CHILTERN Railways has secured the right to run trains between Oxfordshire and London until 2021 after the Government yesterday backed the firm’s plans to create a second route from Oxford to London.
As previously reported in the Oxford Mail, the firm plans to spend £250m on creating the new route from Oxford to London Marylebone, via Bicester, along with track improvements to speed up its services between London, Banbury and Birmingham.
The Oxford service is due to start running in 2013.
Improvements to the Oxford-Bicester line will cut Rail journey times from 25 minutes now to just 14 minutes from 2013.
Oxford-London Marylebone journey times should be 66 minutes once the new line is open, compared with about 55 minutes on First Great Western’s express services to London Paddington.
A new parkway station will also be built at Water Eaton park-and-ride, near Kidlington, while Bicester Town station is set to be closed for up to seven months to be rebuilt.
Chiltern’s investment plans were praised by Transport Secretary Lord Adonis yesterday, as he announced a seven-and-a-half year extension to the franchise, until December 31, 2021, in return for the improvements.
The decision means the Chiltern franchise will run the full 20 years projected when it began in 2002. The firm has to meet a series of investment targets in order to secure the full franchise term.
Lord Adonis said: “Today we gave the go-ahead to Chiltern Railways to take forward plans for a completely new service from Oxford to Marylebone, including a new parkway station.
“These will be huge improvements in the transport infrastructure for Oxford, not only providing alternative routes from Oxford to London, but providing a station serving north Oxford and the area around Oxford, by providing regular fast trains to London.
“It will particularly benefit residents of North Oxford and areas of Oxford who have not had good rail connections in the past. It will also help to get cars off the road and people on to trains.”
The new link line in Bicester and the other improvements to the route will be funded by a £250m loan from Network Rail, which will be paid back over 30 years.

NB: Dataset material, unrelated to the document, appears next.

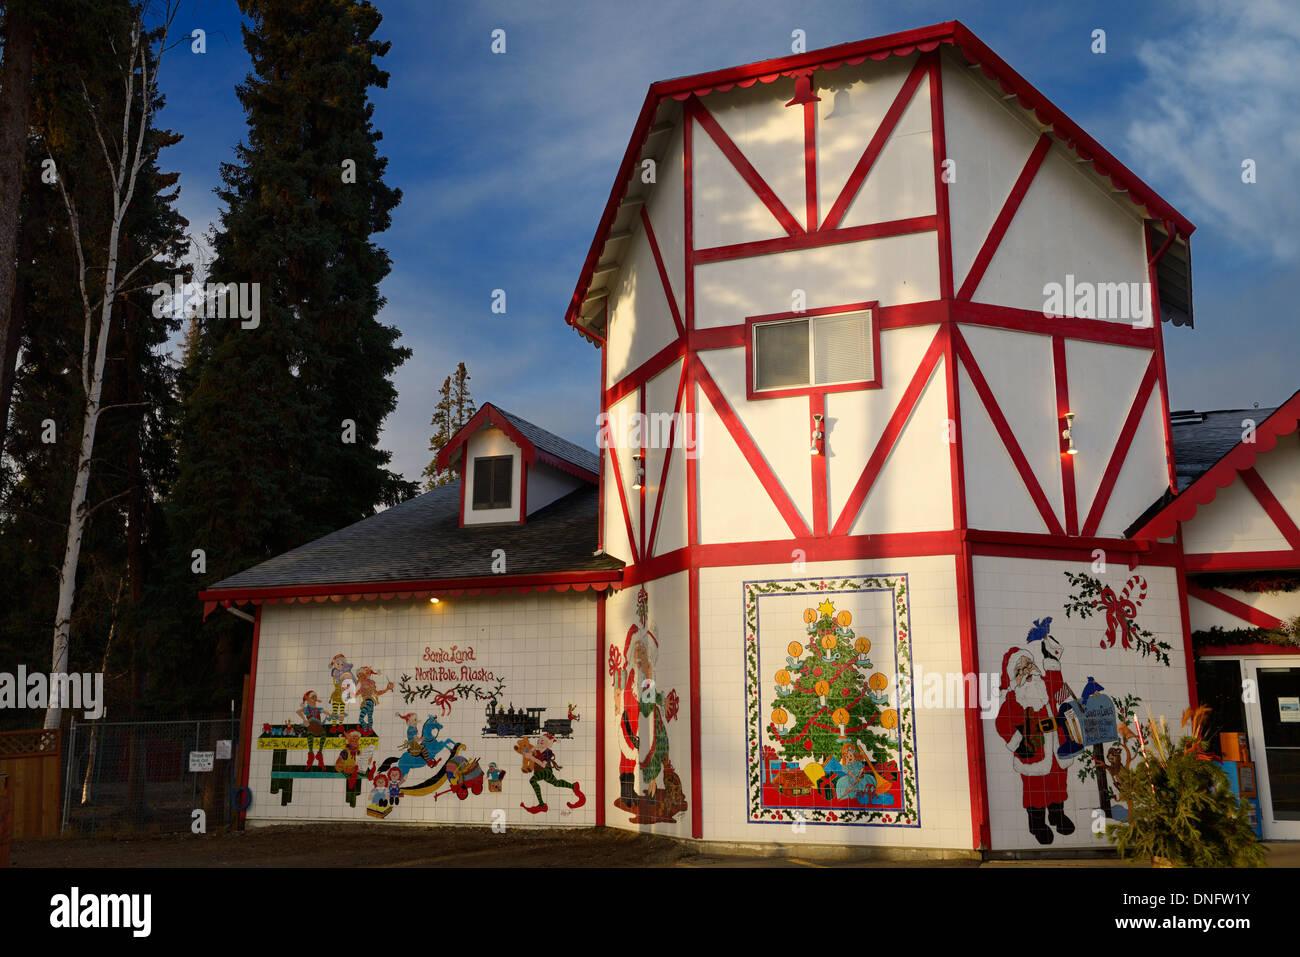 Immagini Natale Usa.Il Babbo Natale Casa Santaland Al Polo Nord Alaska Usa Con Scena Di

Chiltern’s chairman Adrian Shooter, who led the firm into the private sector in 1996 when British Rail was broken up, pledged there would be no fare increases to pay for the scheme.

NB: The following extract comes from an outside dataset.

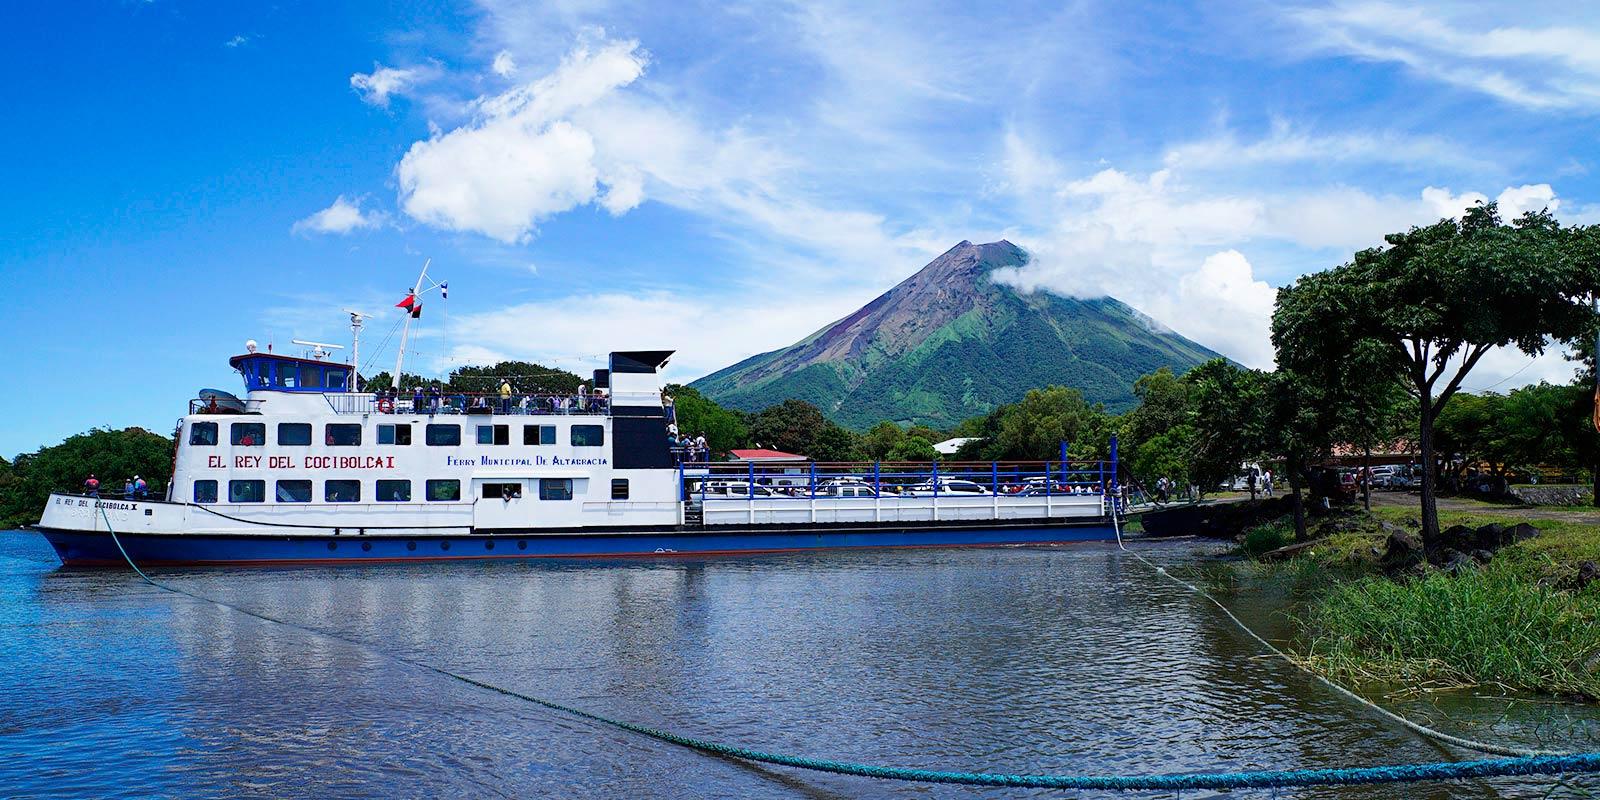 ferry-isla-de-ometepe

He claimed it would be paid for by extra revenue generated by more people travelling by rail, including customers of Oxford-London coach services, who would be attracted by the quicker journeys by train.
Mr Shooter said the work would be carried out in two phases, with speed improvements on the existing route, allowing more 100mph running, being completed before work starts on the Oxford link.
Lord Adonis will decide in the spring whether to hold a public inquiry into the Oxford-Bicester scheme.
Any inquiry would take place by the autumn.
Chris Bates, of the Cherwell Rail Users’ Group, welcomed the franchise extension.
He said: “It’s good news for rail users and for Chiltern it’s well deserved.
“Hopefully, any new Government will see longer franchises work better than short-term ones.”